Когда два года назад наша многодетная эмигрантсколирная семья собралась в Иерусалим, я без раздумий купила билет. Во-первых, и так хотелось на Святую Землю, где я ни разу не была. Во-вторых, в такой прекрасной компании. В-третьих, подумала, что на наш поэтический вечер обязательно должен прийти один человек. Поэт, которого я повстречала в ранней молодости и почти сразу же потеряла. И всю жизнь помнила.
Это был год семьдесят шестой. Времена сероватые. Я ходила на занятия в институт и писала стихи, показать которые стало некому. Уехал в Израиль навсегда мой старший друг и наставник Илья Рубини, я как бы осиротела. То есть нет, были сверстники, страшно талантливый Гриша Остер (почил на лаврах), прехорошенький мальчик-кукла Алёша Дидуров (давно умер), две прелестные молоденькие художницы, одна теперь в Европе (с неудачниками не общается), другая в Америке (творит шедевры из фарфора, не забывает).
Но не хватало авторитета. И кто-то подсказал: а ты познакомься с Борисом Камяновым, он постарше и известный, хотя и не печатается, а стихи у него очень хорошие и смешные. И да, тоже еврей. И диссидент.
– А что написал-то?
– Ну вот стихи у него есть:
Везёт на матерей, на одиночек,
На их сопливых сыновей и дочек.
А ещё про ЦДЛ замечательно:
Олимпийцы, красавцы, пииты,
Пусть не боги, но всё же – жрецы.
Алкогольных напитков пииты,
Всевозможных закусок жрецы!
Мне понравилось, и я захотела познакомиться. Дали телефончик, я позвонила, и поэт пригласил в гости. Я приоделась. Морозы трещали крещенские. Я тогда только что начала ходить в церковь и некоторые правила рвалась соблюдать слишком буквально. Это было нелепо и нелегко. Например, с длинной юбкой возникла проблема. Денег на купить-пошить не было, стипендия на всё про всё. У одной из бабушек, тетки отца, о которой, если успею, напишу отдельную песню, от старого времени таковые имелись, но ей жаль было расстаться с воспоминаниями. Всё ж она отказала свою гимназическую «форму», из которой удалось соорудить длинную юбку. Матерьяльчик изрядно истощал, снизу было очень холодно... Зато сверху очень тепло. Мы тогда мечтали с друзьями построить катамаран, плавать на нём! Поэтому занесло нас на склад списанных вещей какого-то лётного клуба за парашютным шёлком для парусов. Парашюты кончились, зато мы купили по десятке списанные лётные куртки (такие теперь под названием «пилот» продаются за кучу денег, заклинаю, не берите, сверху тепло, а снизу ну очень холодно!). Я свою курточку вывернула мехом вверх и в рукава вставила резинки. Во всём этом иду, дрожа, от метро Академическая. Стихи несу в портфеле. Уже темно, значит, часа три пополудни.
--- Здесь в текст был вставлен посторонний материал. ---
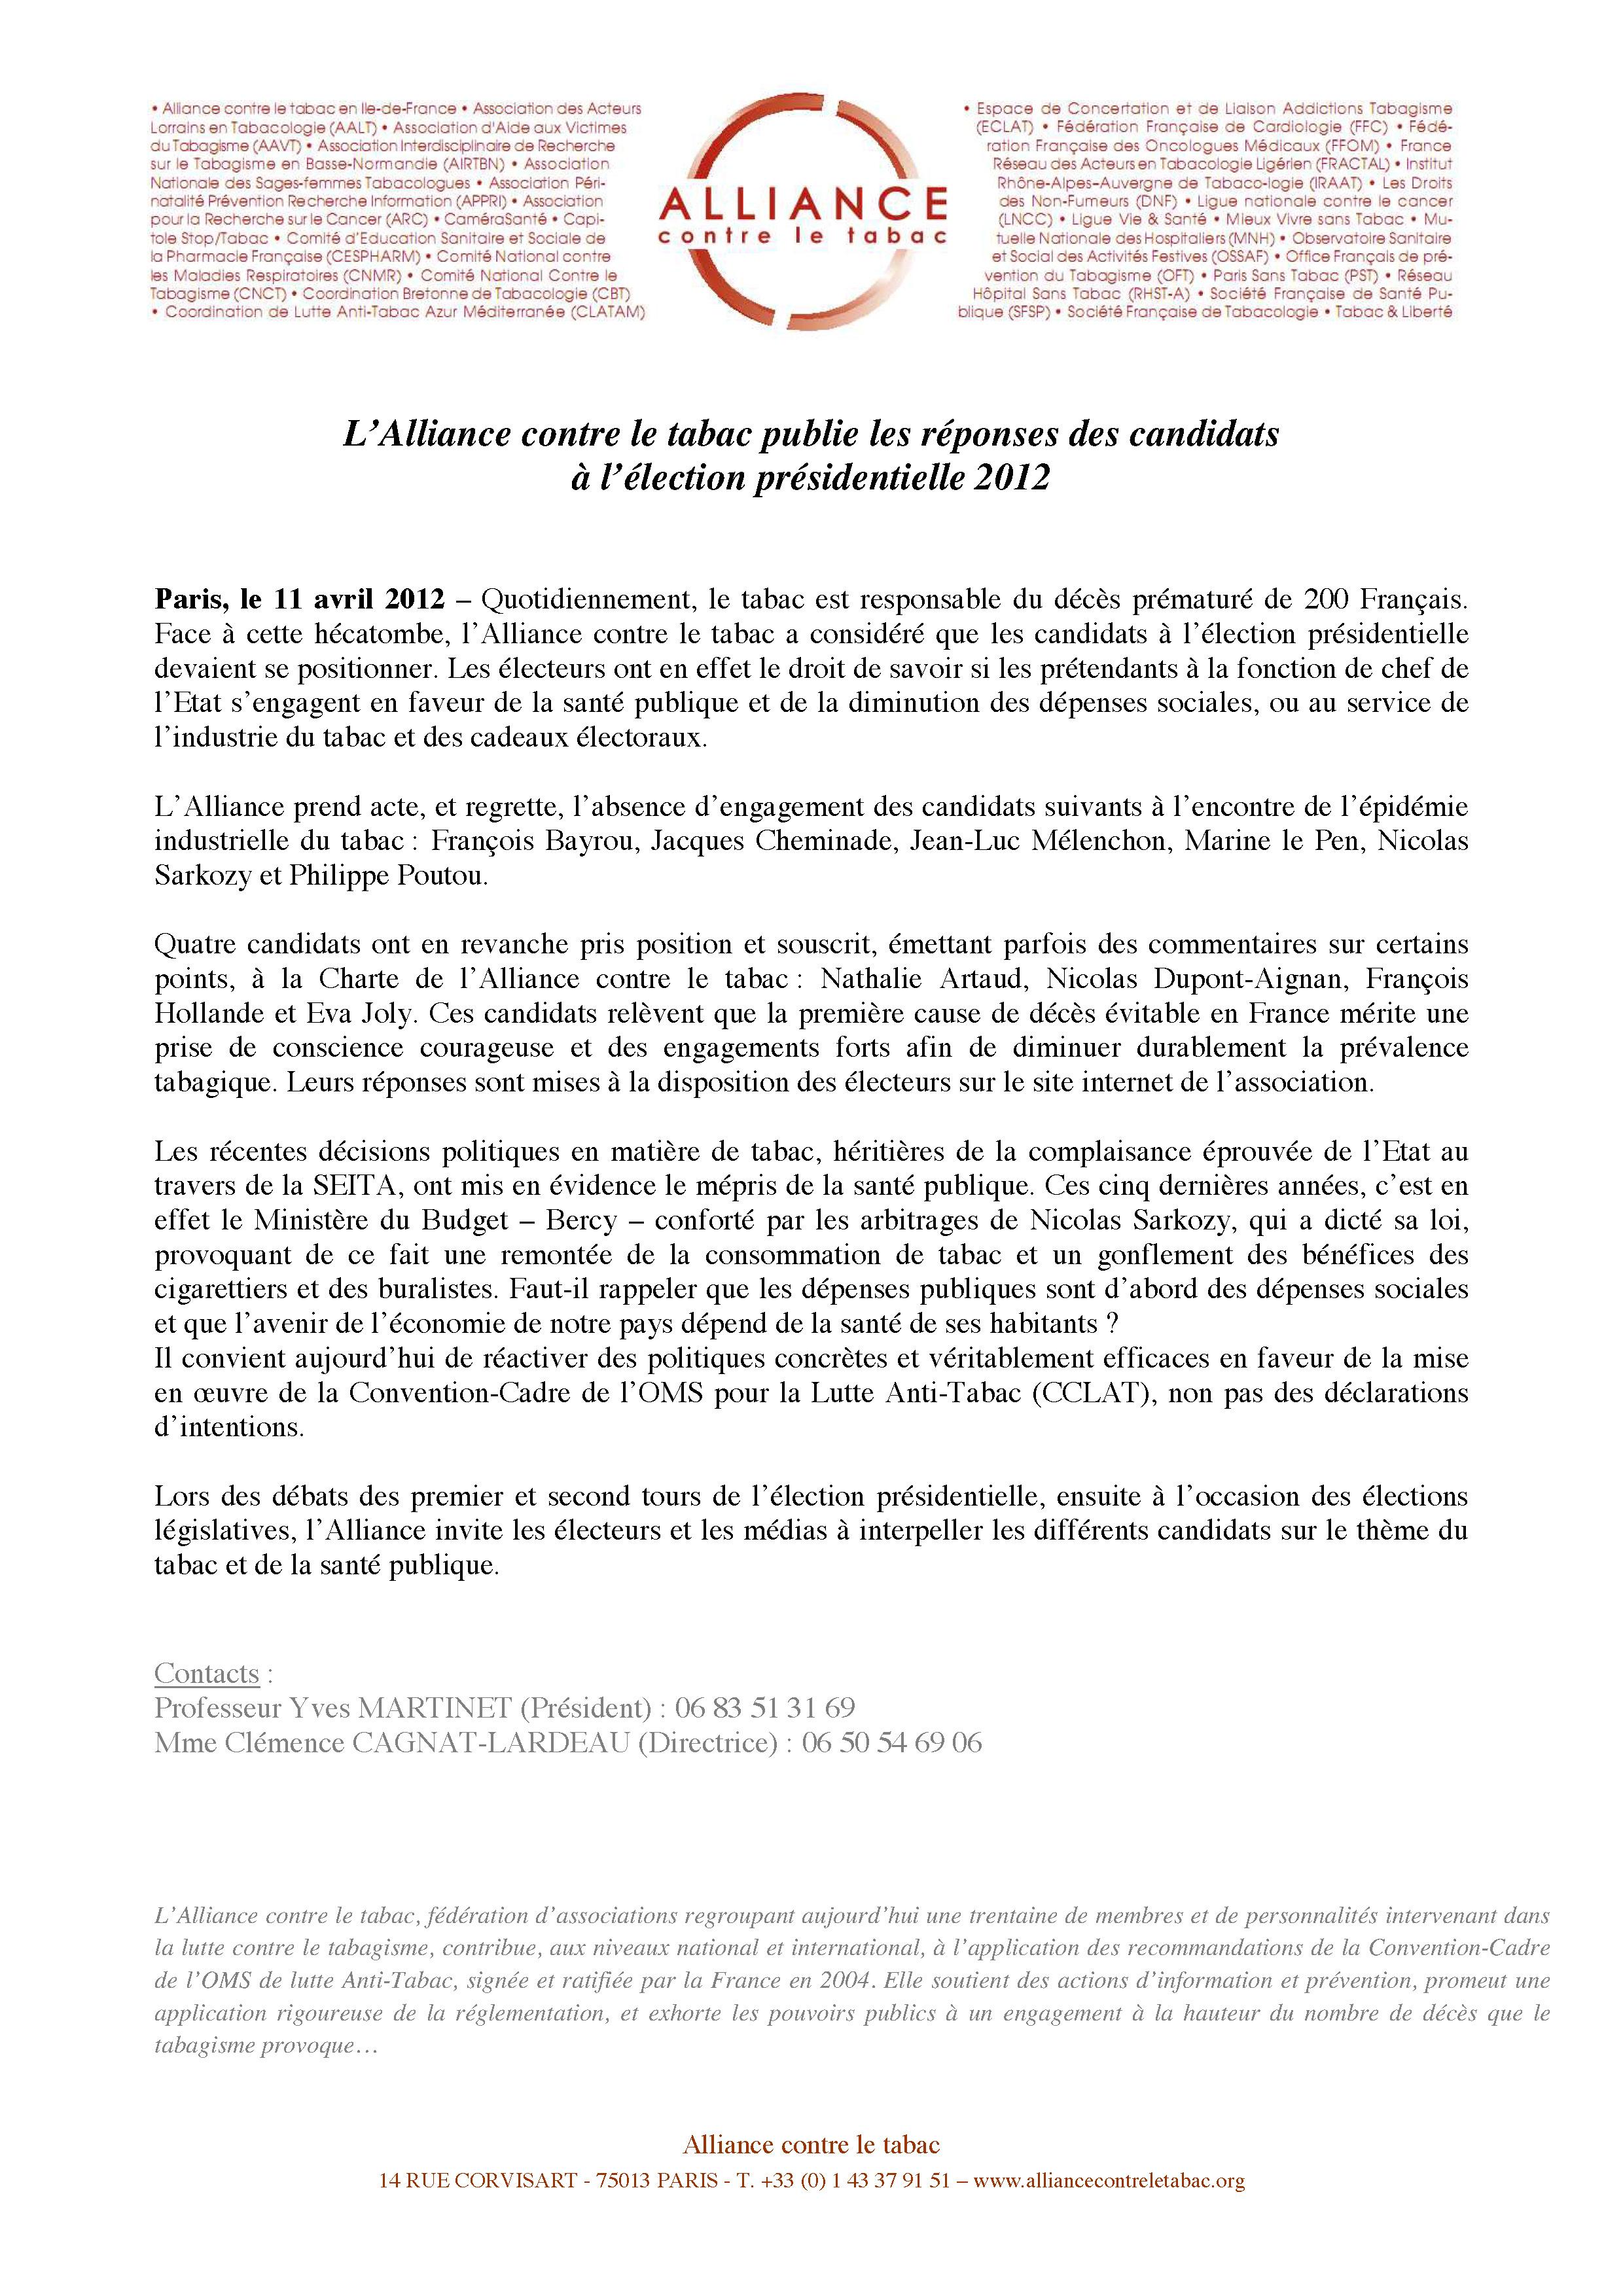 Alliance-CP_conference-de presse-11avr2012.jpg

Поэт отворил дверь. Лицо в бороде очень оттуда, из далеких Палестин, как будто и не жил двести лет вместе. Доброе лицо, понравился. А обстановочка насторожила. Была тогда очень странная мода у обеспеченной интеллигенции – обивать прихожую, именно прихожую, иконами. Шпалерная развеска, впритык. Такое шибание в нос легкими деньгами и неуважением к вере чужих предков. Я, насупясь, спросила:
– Ваша квартира?
– Нет у меня никакой квартиры, – ответил кандидат в менторы, – знакомые пустили пожить...
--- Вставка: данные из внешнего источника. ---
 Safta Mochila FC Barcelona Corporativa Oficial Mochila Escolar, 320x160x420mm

Я сменила гнев на милость. Меня провели, как полагалось, на кухню, где налили горячительного. Очень кстати пришлось, отмороженные части тела стали оттаивать.
Борис сказал :
– Я всё гадал, кто придёт, женщина или ученица? Теперь вижу, что ученица.
Я достала толстую пачку стихов. Читали, говорили... Потом пришли ещё люди. Пили, пели, говорили, опять пили. Ещё одна странность тех времен: пить стремились заграничные ликеры, всякую сладкую крепкую гадость. Зато дорогую и труднодоставаемую. Хотя, как резонно заметил ещё Бунин, превосходных отечественных вин было в России сколько угодно. Цинандали, Алазанская долина, армянский коньяк, водка Столичная в конце концов (у нас в МАИ её предпочитали и правильно делали).
Было интересно, ново. Но о стихах не так много говорили, как ругали советскую власть. Многие собирались рвать когти «из этой страны». Я в душе соглашалась. Внучке раскулаченных, ссыльно-переселённых, не пущенной уже куда хотелось учиться, казалось, мало чего светило. Мерещилась Франция, страна Клемана Маро, Вийона, любимого Людовика XIV…
Время пролетело незаметно, и закрылось метро. Под потолком кухни облаками висел дым. Никого не помню. После шести пар, блуждания по морозу, непонятных длинных разговоров и не знаю уж скольких рюмок клейкого зелья я что-то сникла, и меня отправили спать в маленькую комнатку, где я не знала, как зажечь свет. Дико болела голова от гадкого ликера. Постель не постелили, наверно, хозяева сами были пьяные. Там было холодно. Потом стало очень холодно. Я свернулась на кушеточке, поджав под тонкую юбчонку оледеневшие лапы. Всю ночь я умирала от холода. Наконец умерла, как ямщик в степи глухой. Какое же это было отчаяние, когда, воскреснув поутру, я увидела над собой настежь открытую форточку, а рядом, на стуле, стопку хороших шерстяных пледов. В комнате стоял твёрдый минус. Барометр показывал «ясно».
Так что эту встречу я крепко запомнила на всю жизнь.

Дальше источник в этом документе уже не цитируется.